* EXERCISE BRIEF: Pictures are to be dropped, and only the lines from the one containing "Full Cut Diamond" through the end of the data below are to be reproduced as written.

[SOURCE MATERIAL Boundary: Start]

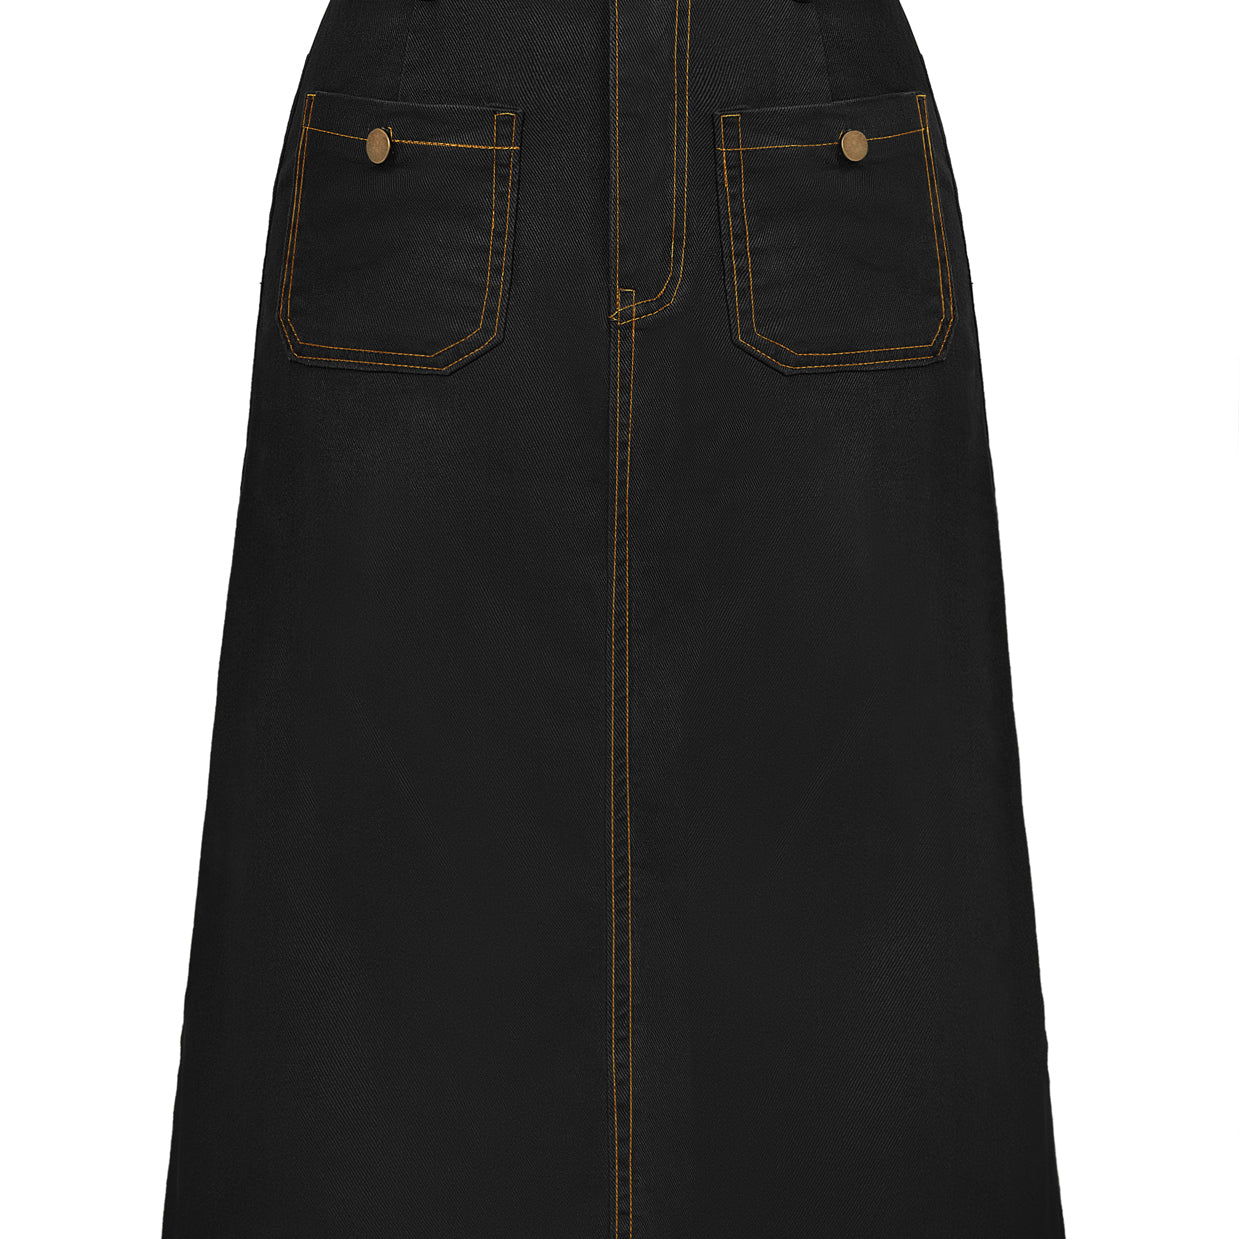 Denim Skirt with Belt Knee Length High Waisted Jean Skirts for Women
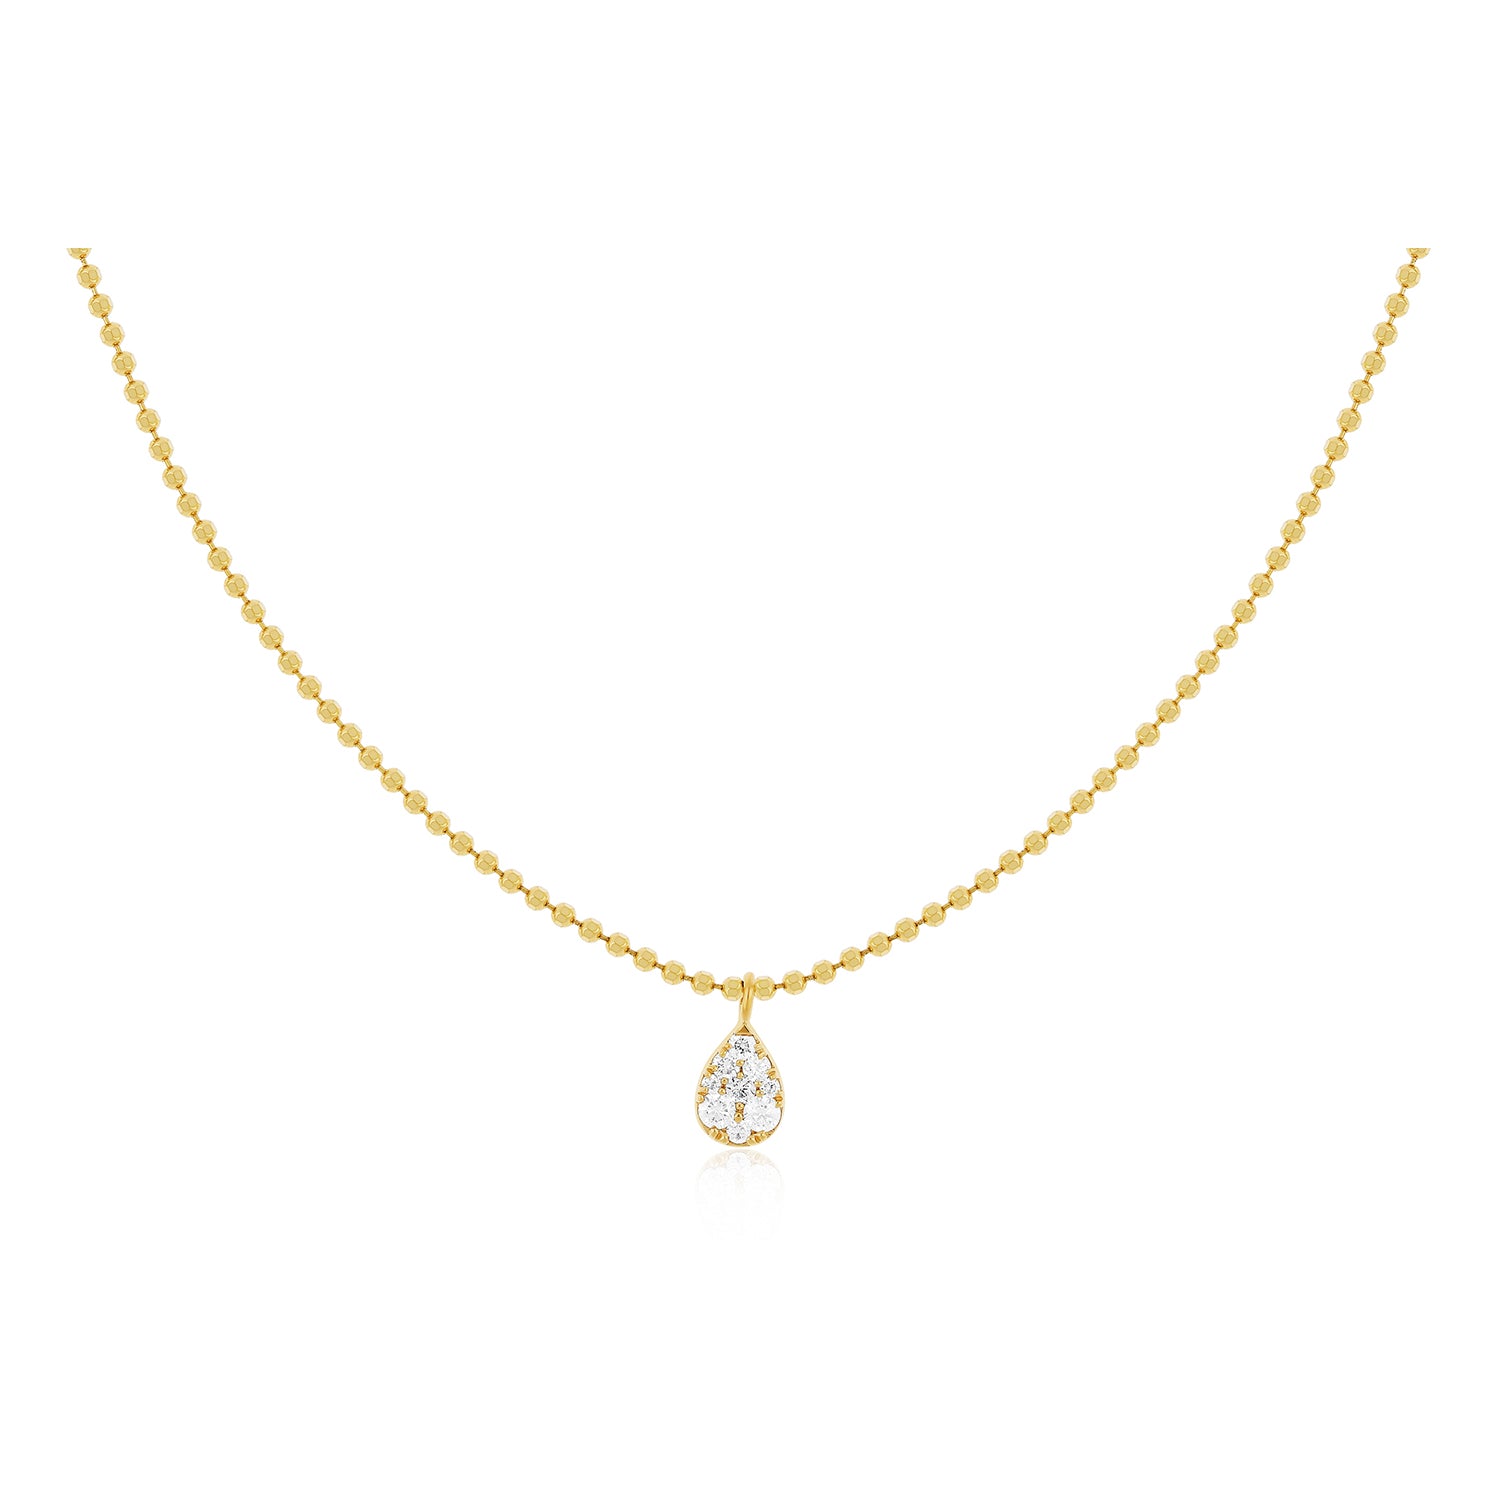 Full Cut Diamond Teardrop Necklace in 14k yellow gold
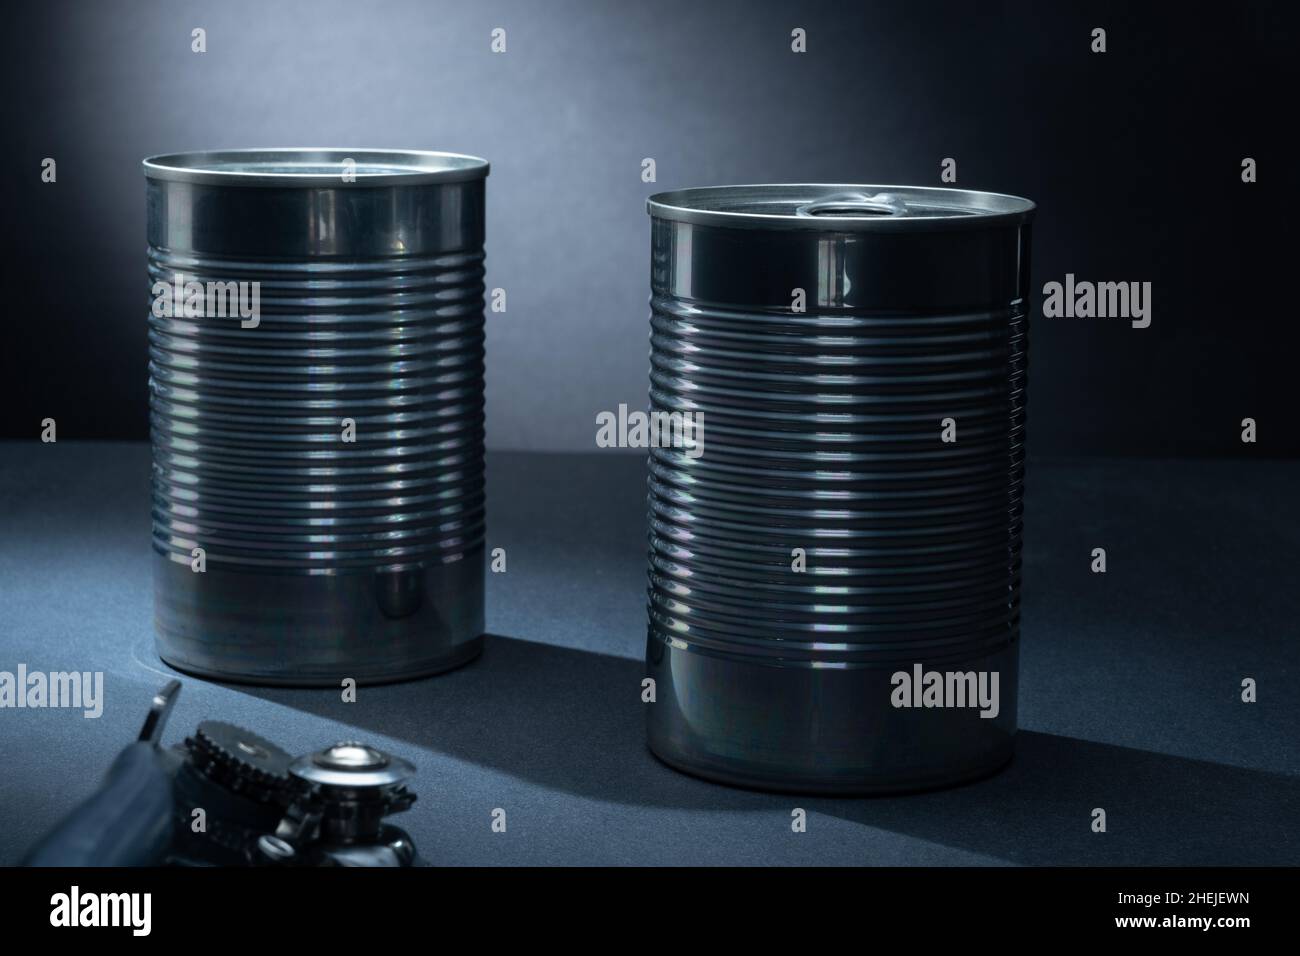 Helsinki / Finlande - 10 JANVIER 2022 : gros plan de deux boîtes métalliques sur fond sombre. Banque D'Images

[SOURCE MATERIAL Boundary: End]

* RESULT:
 Full Cut Diamond Teardrop Necklace in 14k yellow gold
 Helsinki / Finlande - 10 JANVIER 2022 : gros plan de deux boîtes métalliques sur fond sombre. Banque D'Images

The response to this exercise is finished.